(Data block)

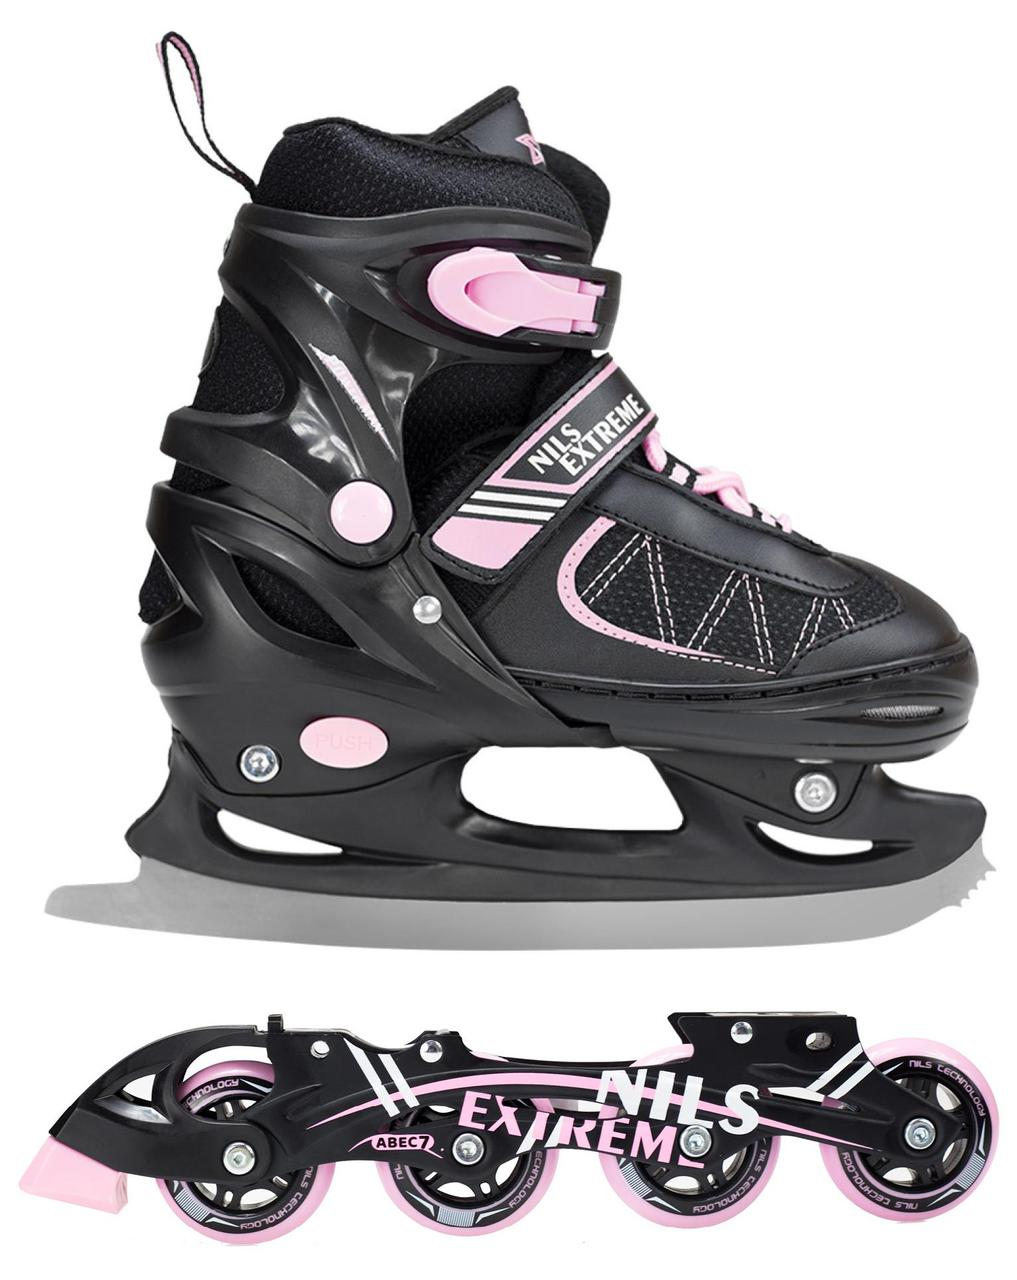 Роликовые коньки Nils Extreme NF7103A 2 в 1 Size 30-33 Black/Pink
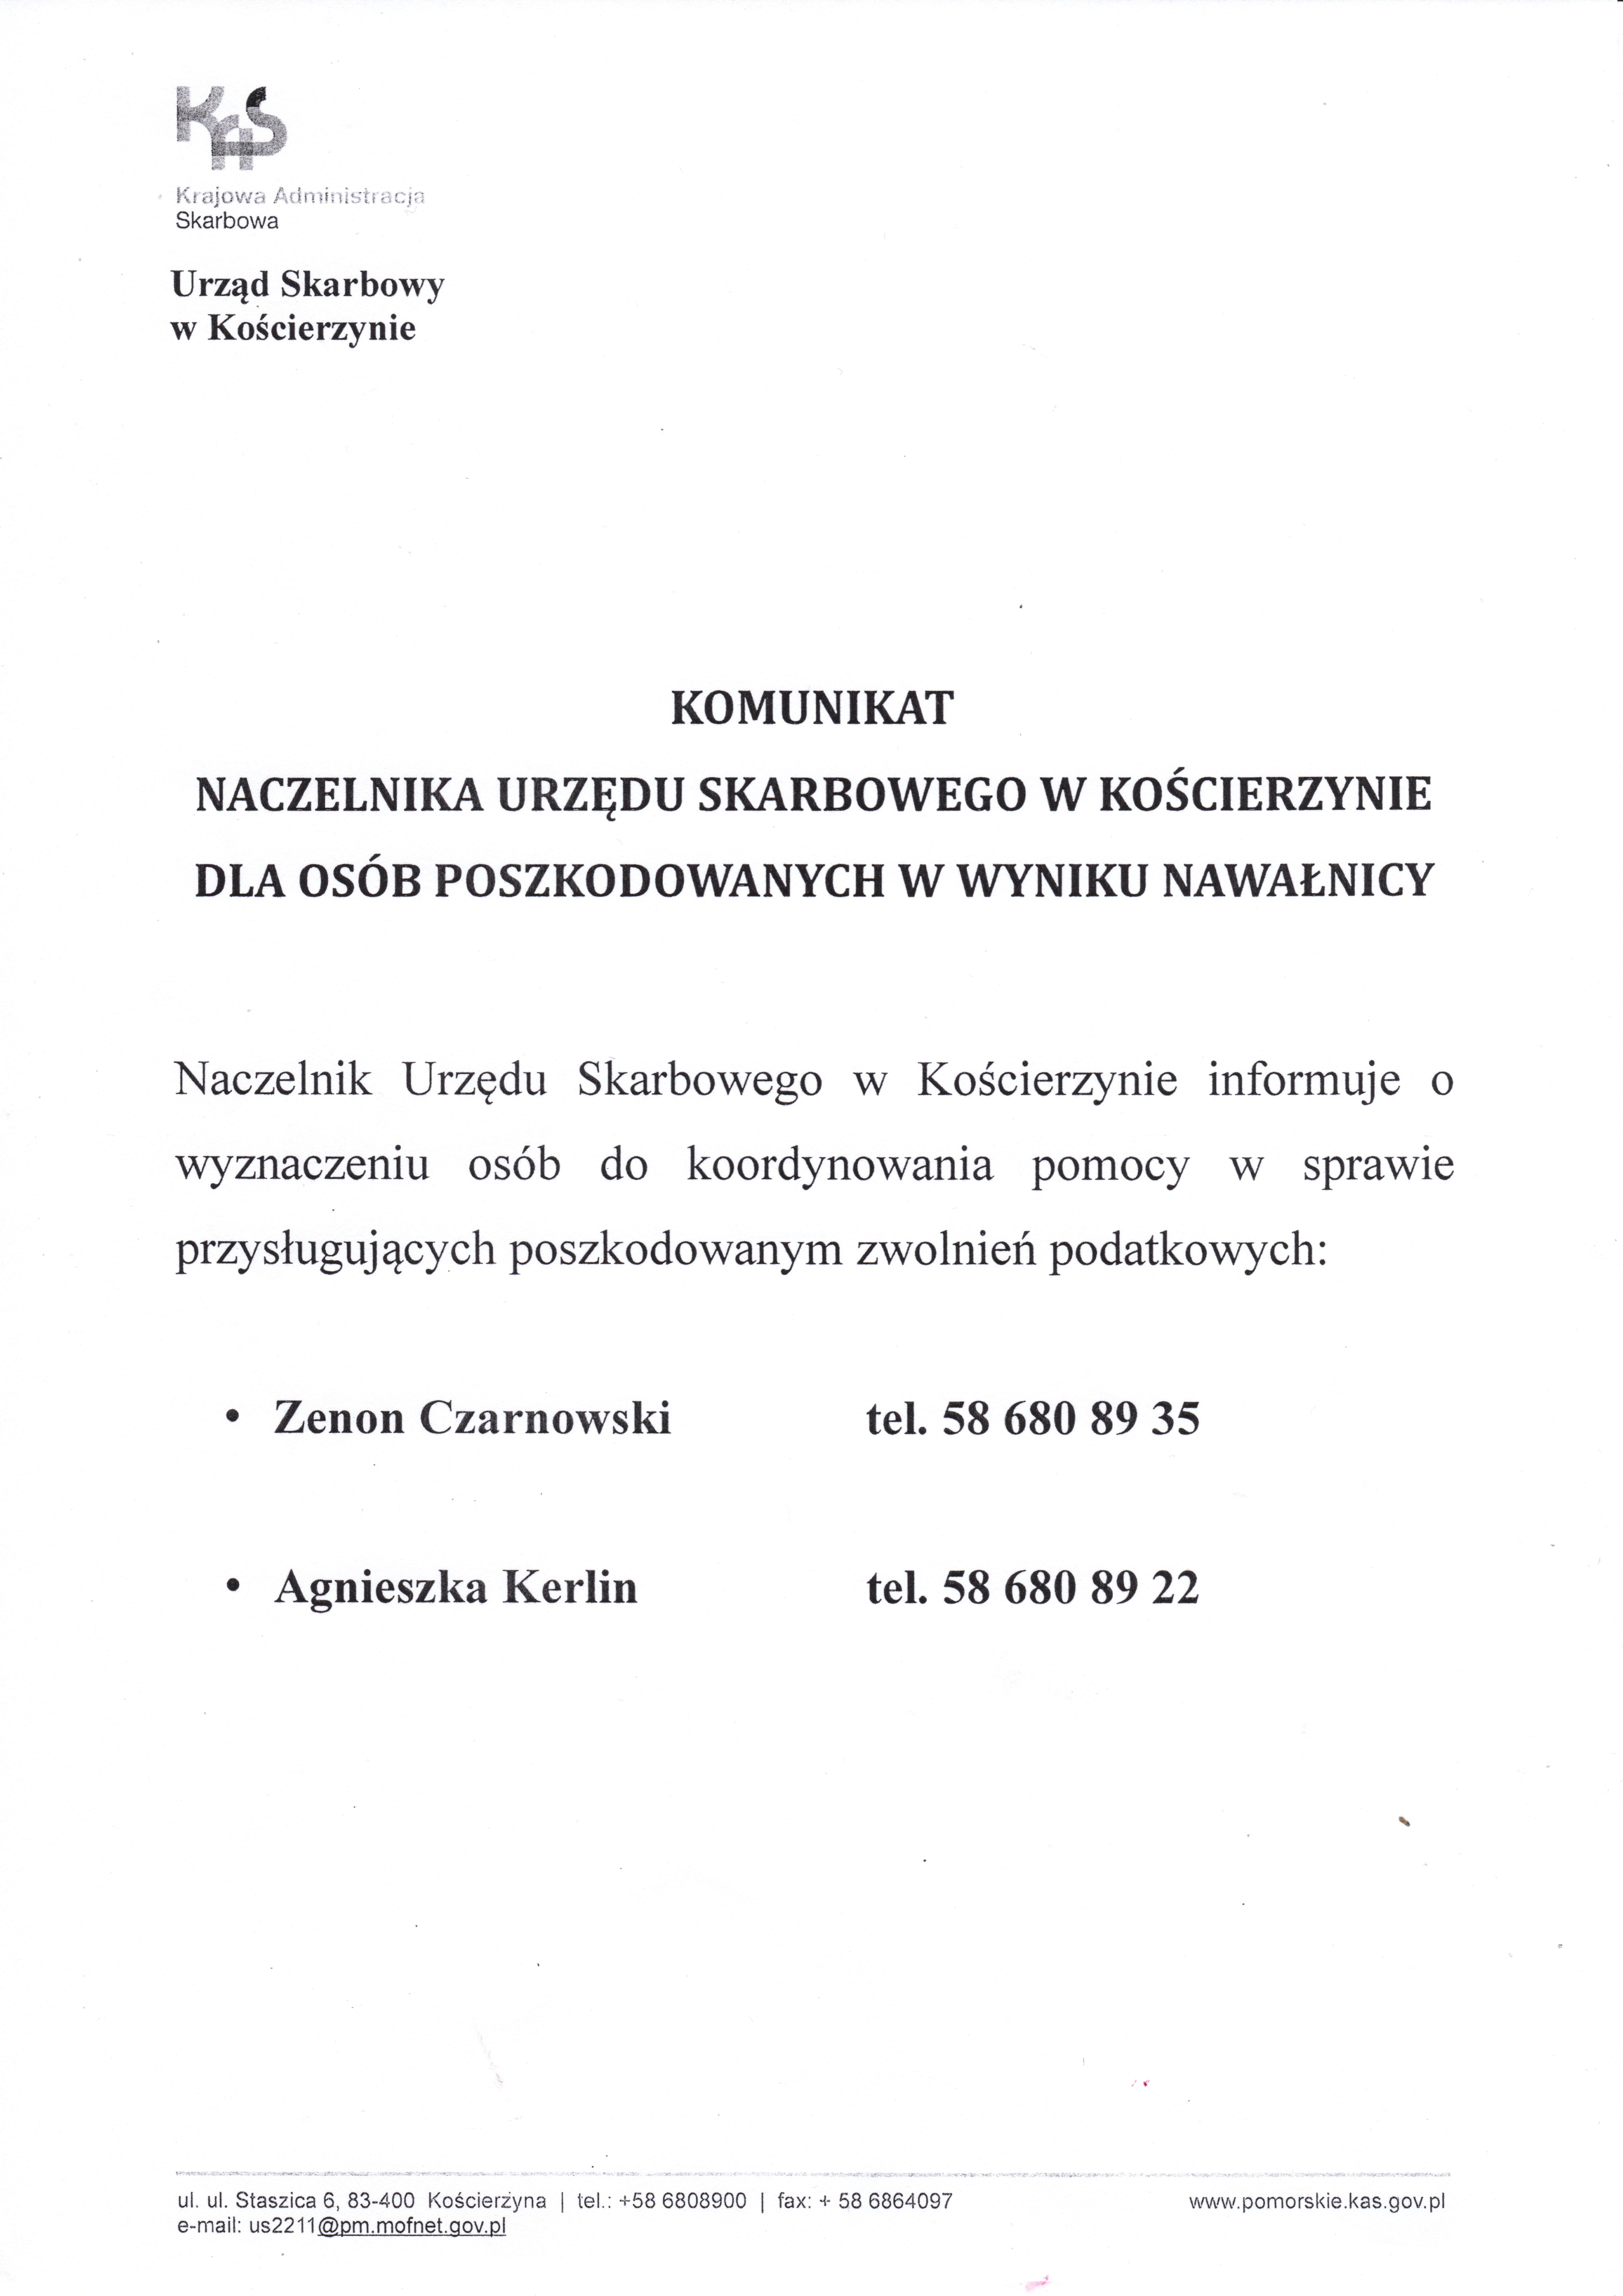 Komunikat Naczelnika Urzędu Skarbowego w Kościerzynie dla osób poszkodowanych w wyniku nawałnicy
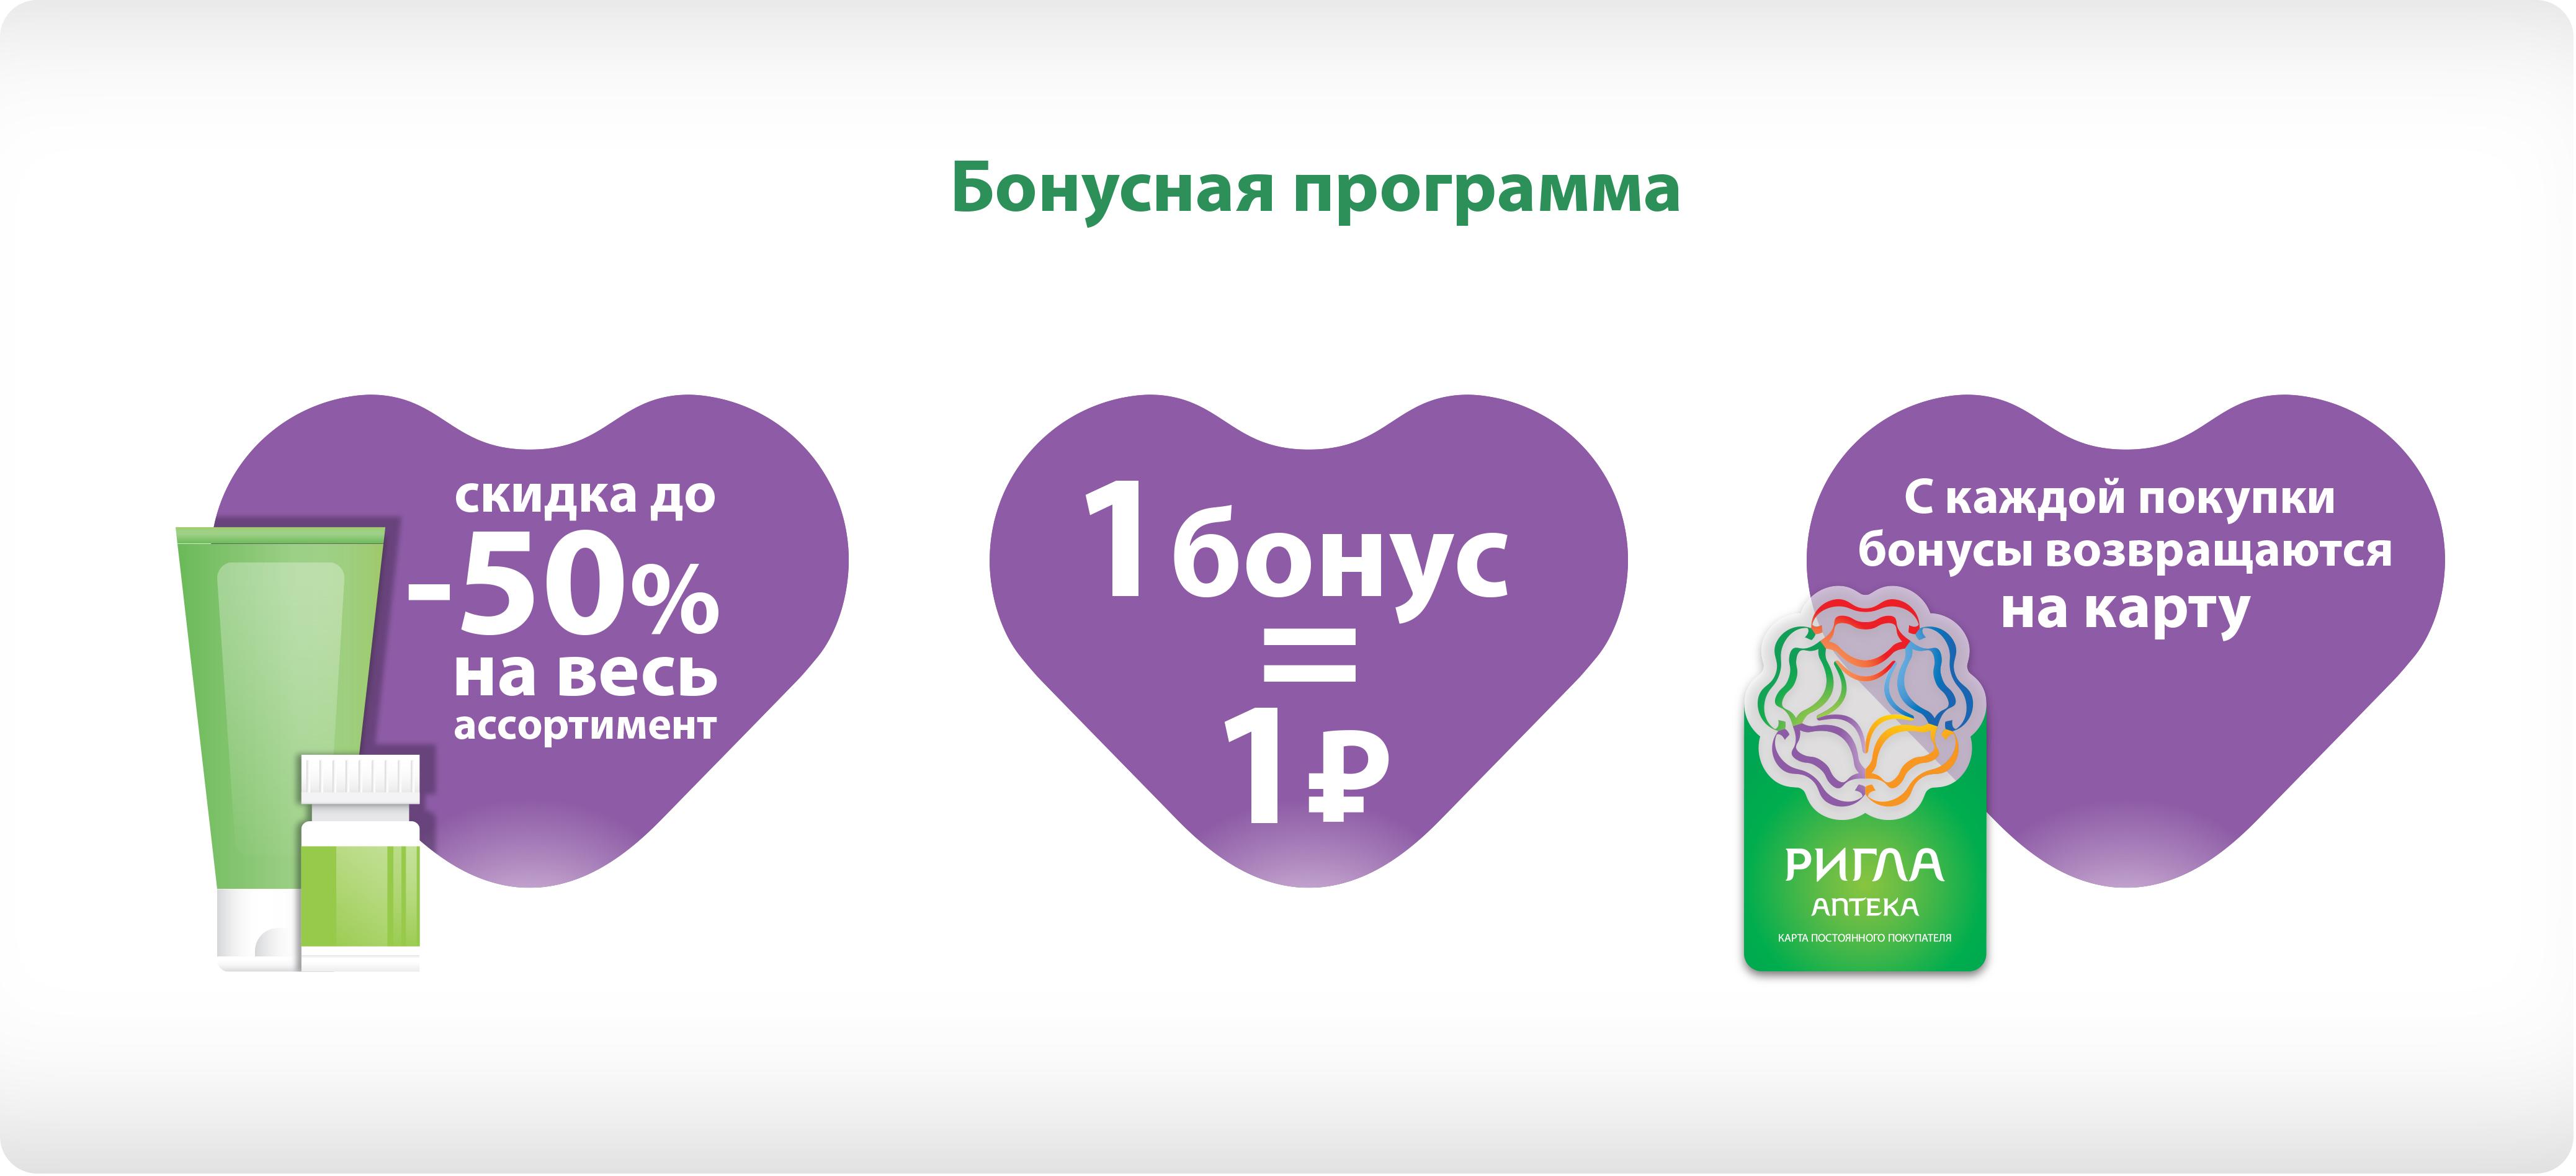 rigla.ru - активировать карту покупателя
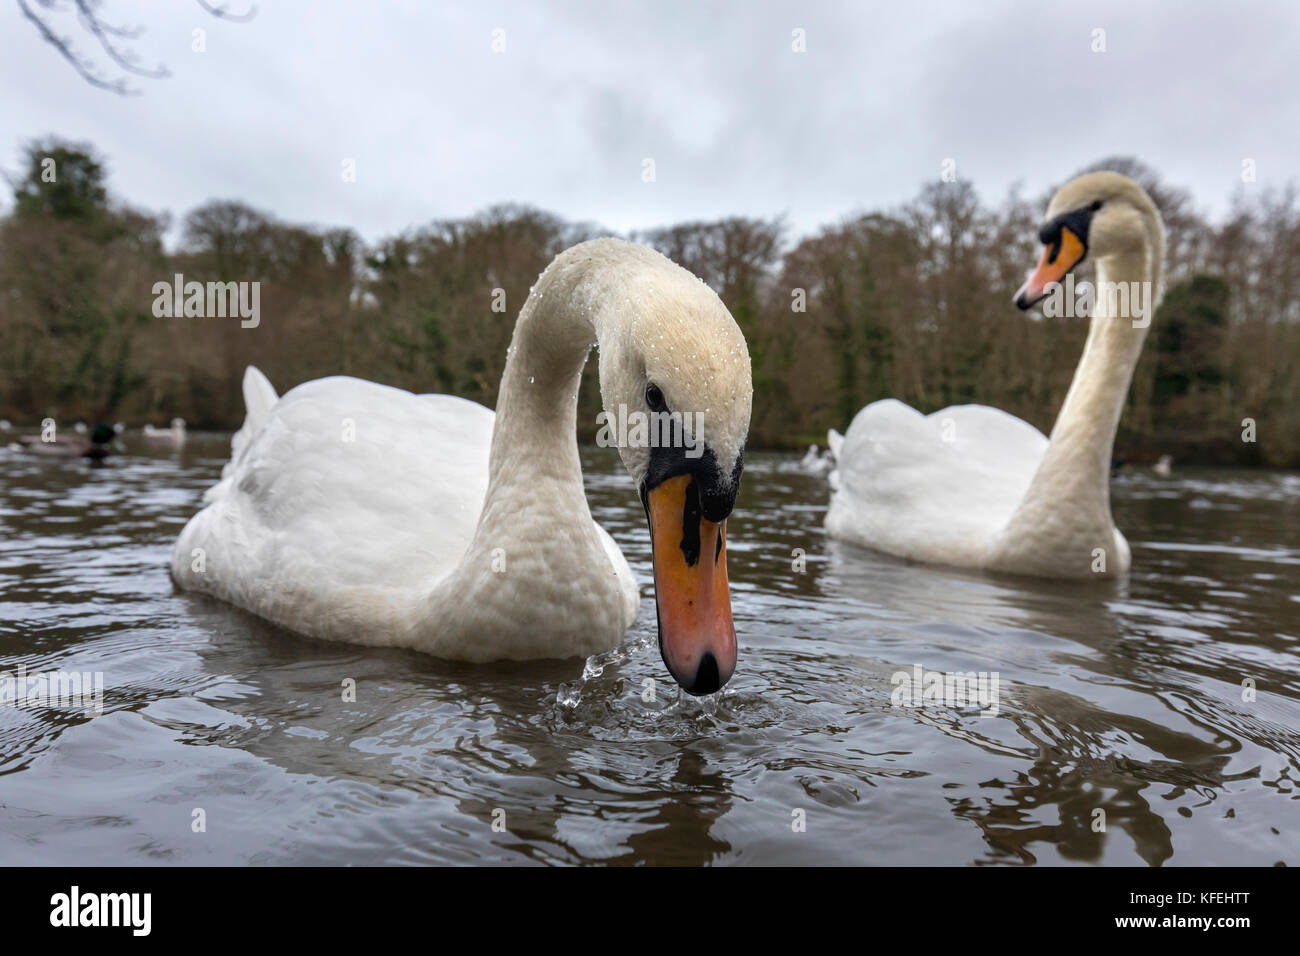 Cisne; Cygnus olor dos; el uso de una lente gran angular cornwall; uk Imagen De Stock

(Required action)
Copy word for word every line from the one holding "rigla.ru - активировать карту покупателя" to the end of the listing, both ends included, but do not copy any pictures.

(Finished exercise)
 rigla.ru - активировать карту покупателя
 Cisne; Cygnus olor dos; el uso de una lente gran angular cornwall; uk Imagen De Stock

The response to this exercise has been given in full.